• [Your assignment] Output exactly, in the material below, the lines from the one with "Personalised Wooden Keepsake" through the one with "Tom Ford eyeglasses". Omit all pictures.

Data provided below:

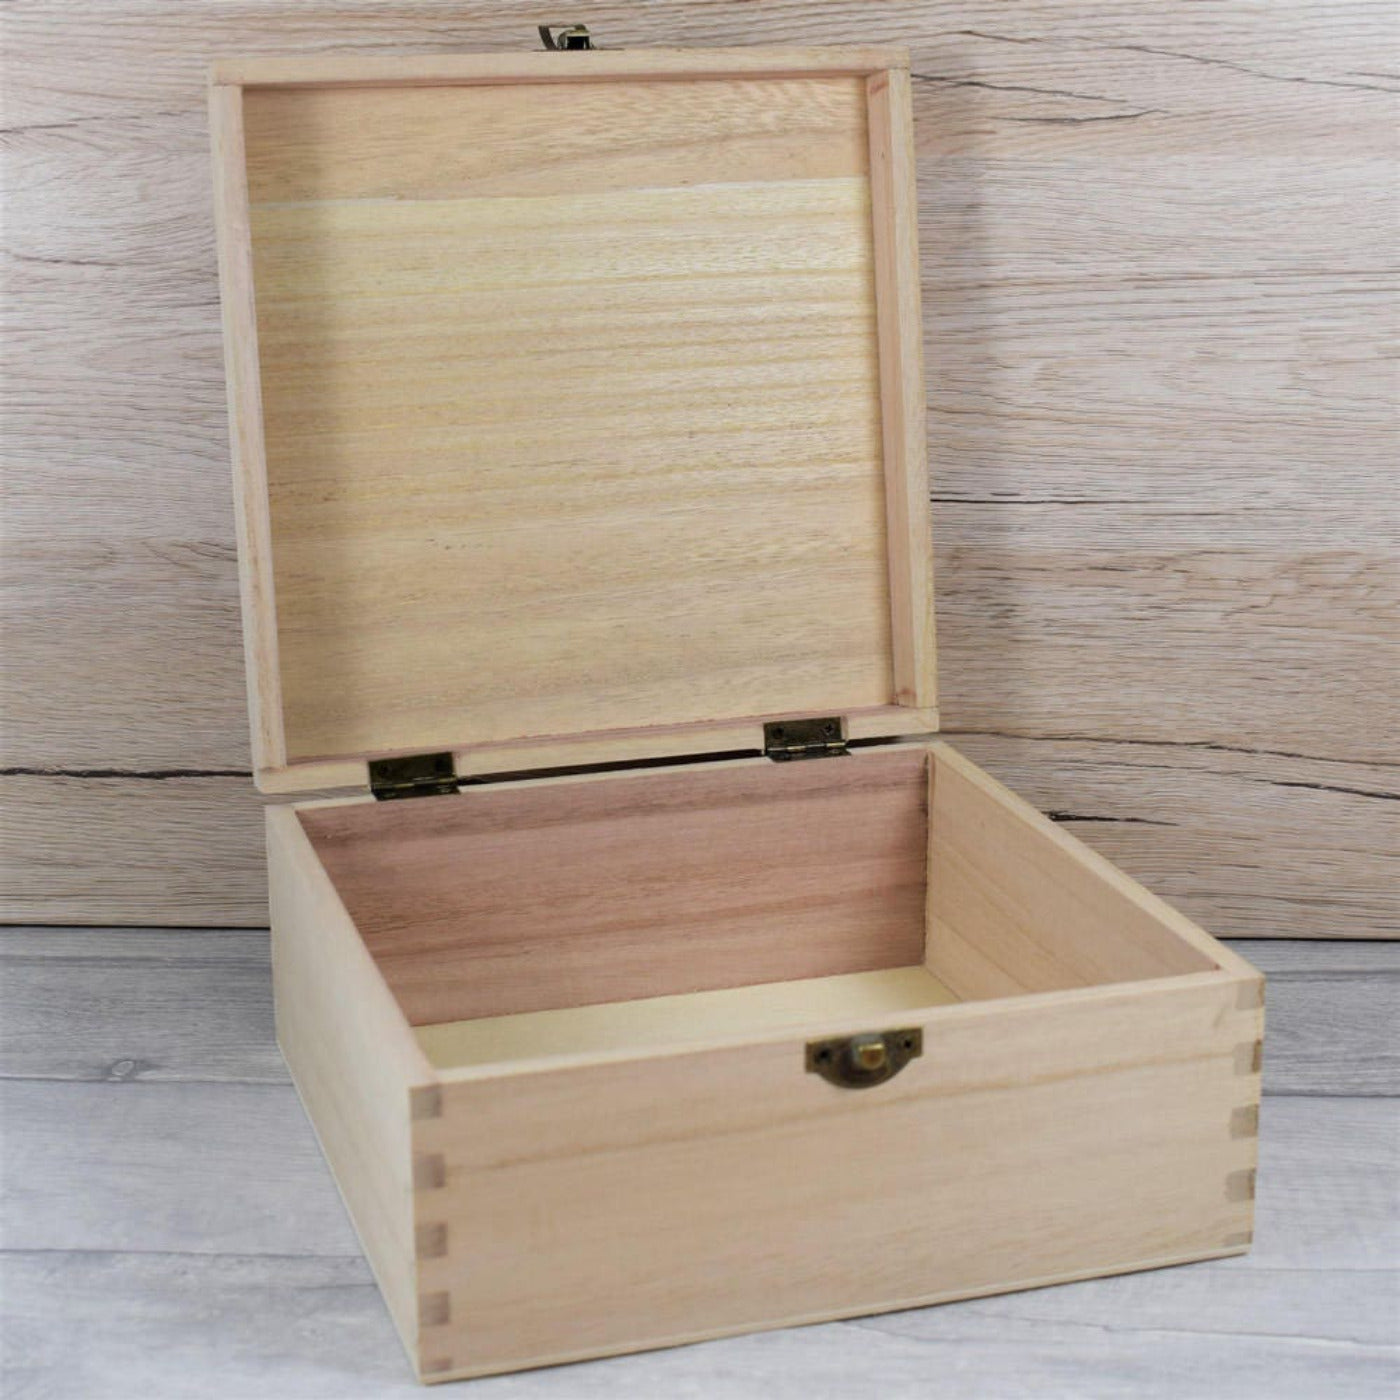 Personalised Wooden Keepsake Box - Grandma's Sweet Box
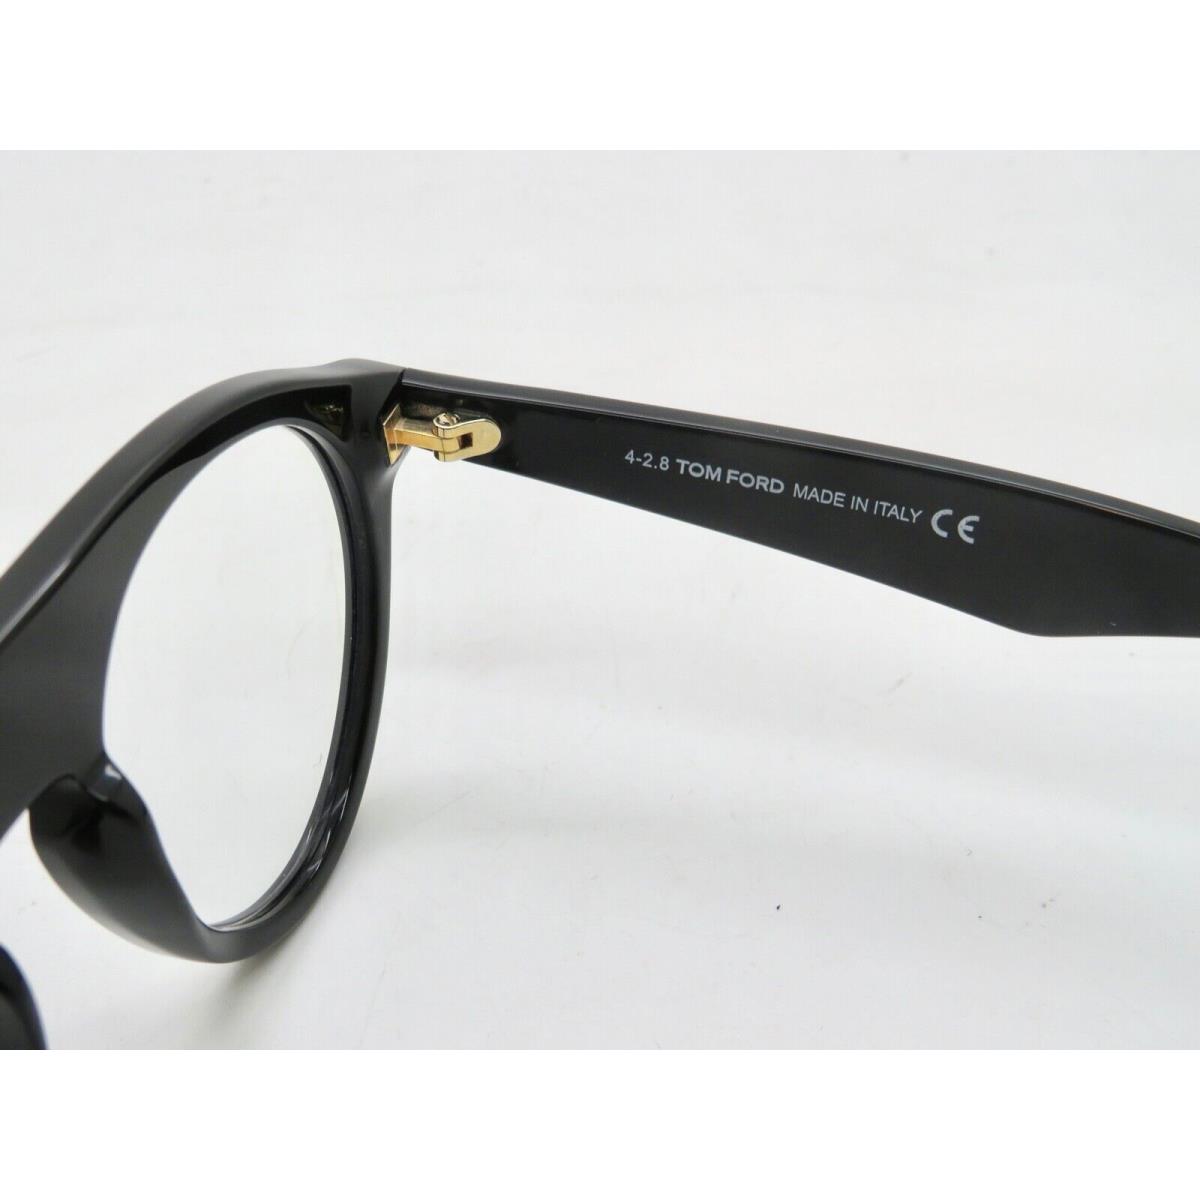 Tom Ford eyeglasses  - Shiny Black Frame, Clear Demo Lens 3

End of Data provided.
Data provided below:

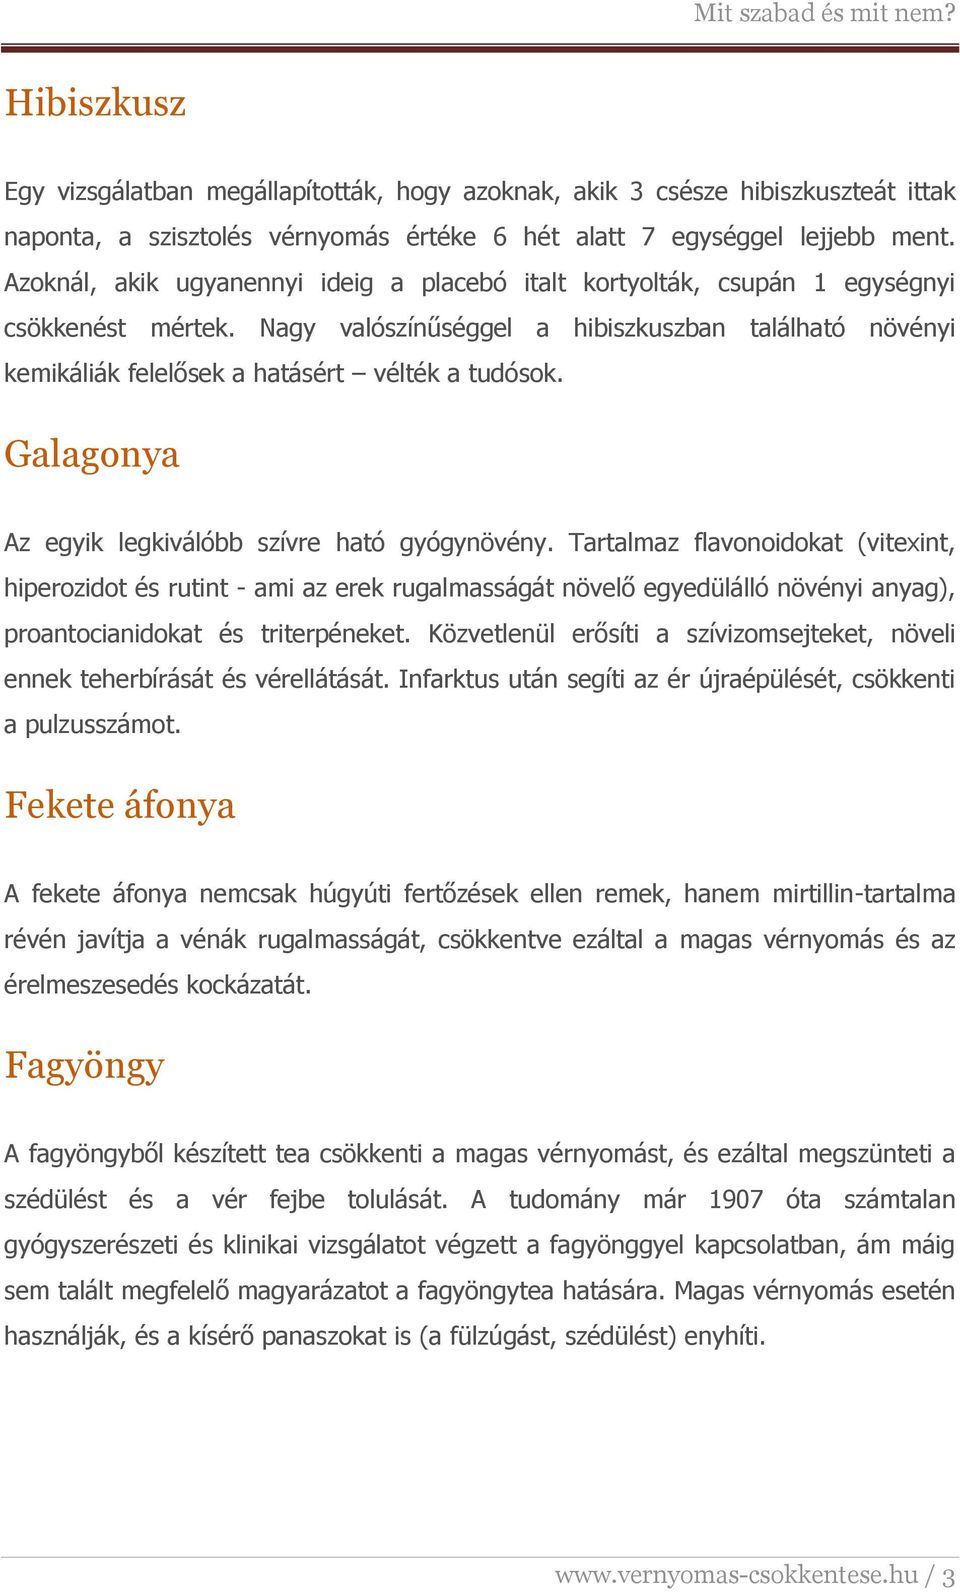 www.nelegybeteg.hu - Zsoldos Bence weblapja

End of Data provided.
Data provided below:

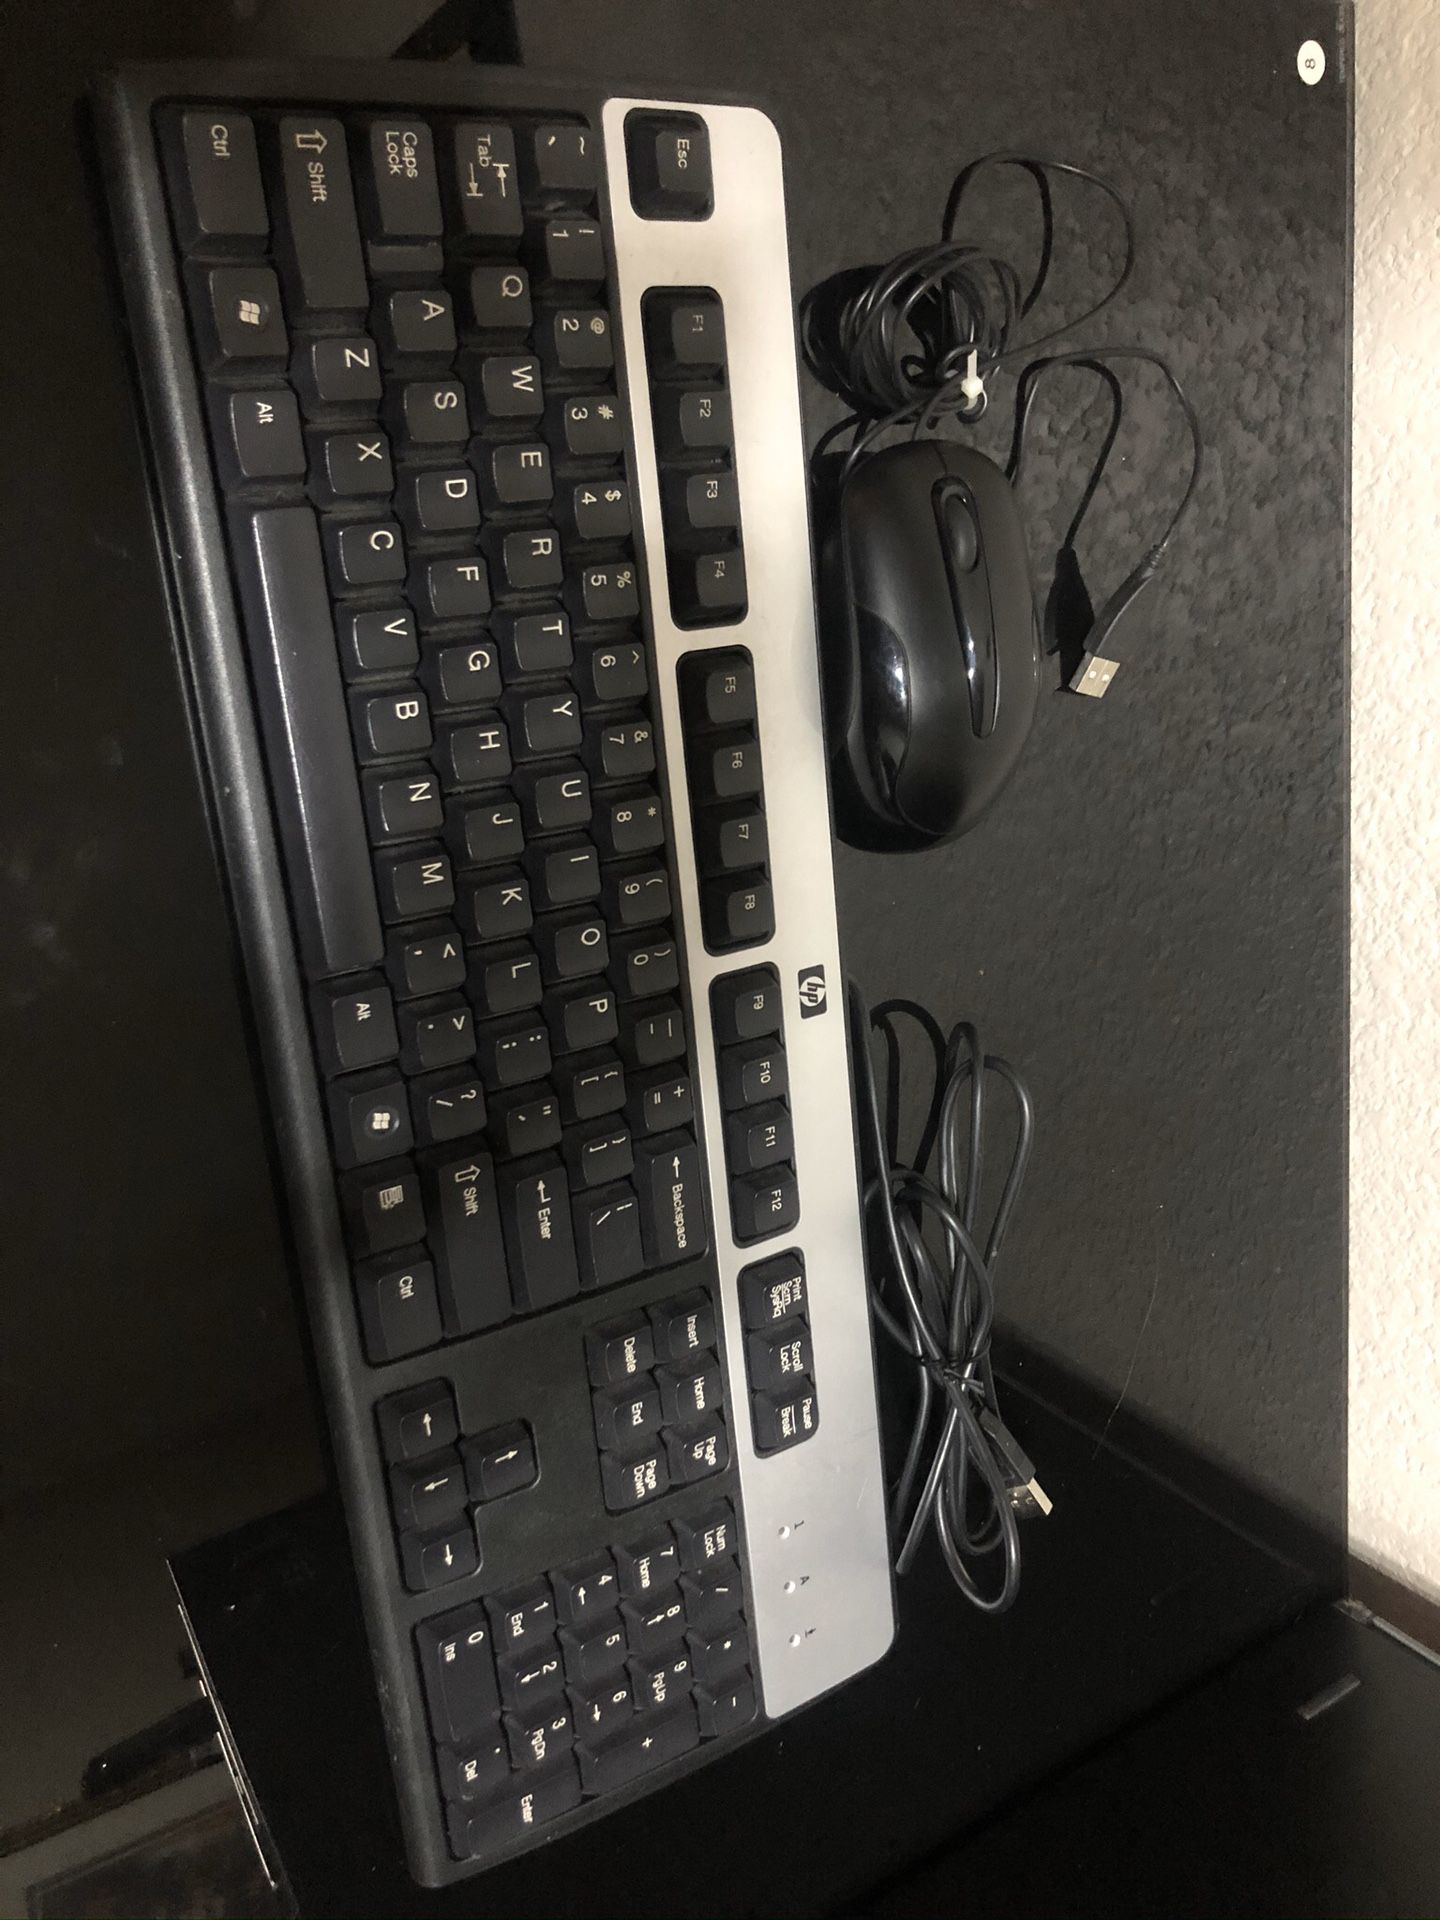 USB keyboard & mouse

End of Data provided.

• [Solution for this task]
 Personalised Wooden Keepsake Box - Grandma's Sweet Box
 Tom Ford eyeglasses  - Shiny Black Frame, Clear Demo Lens 3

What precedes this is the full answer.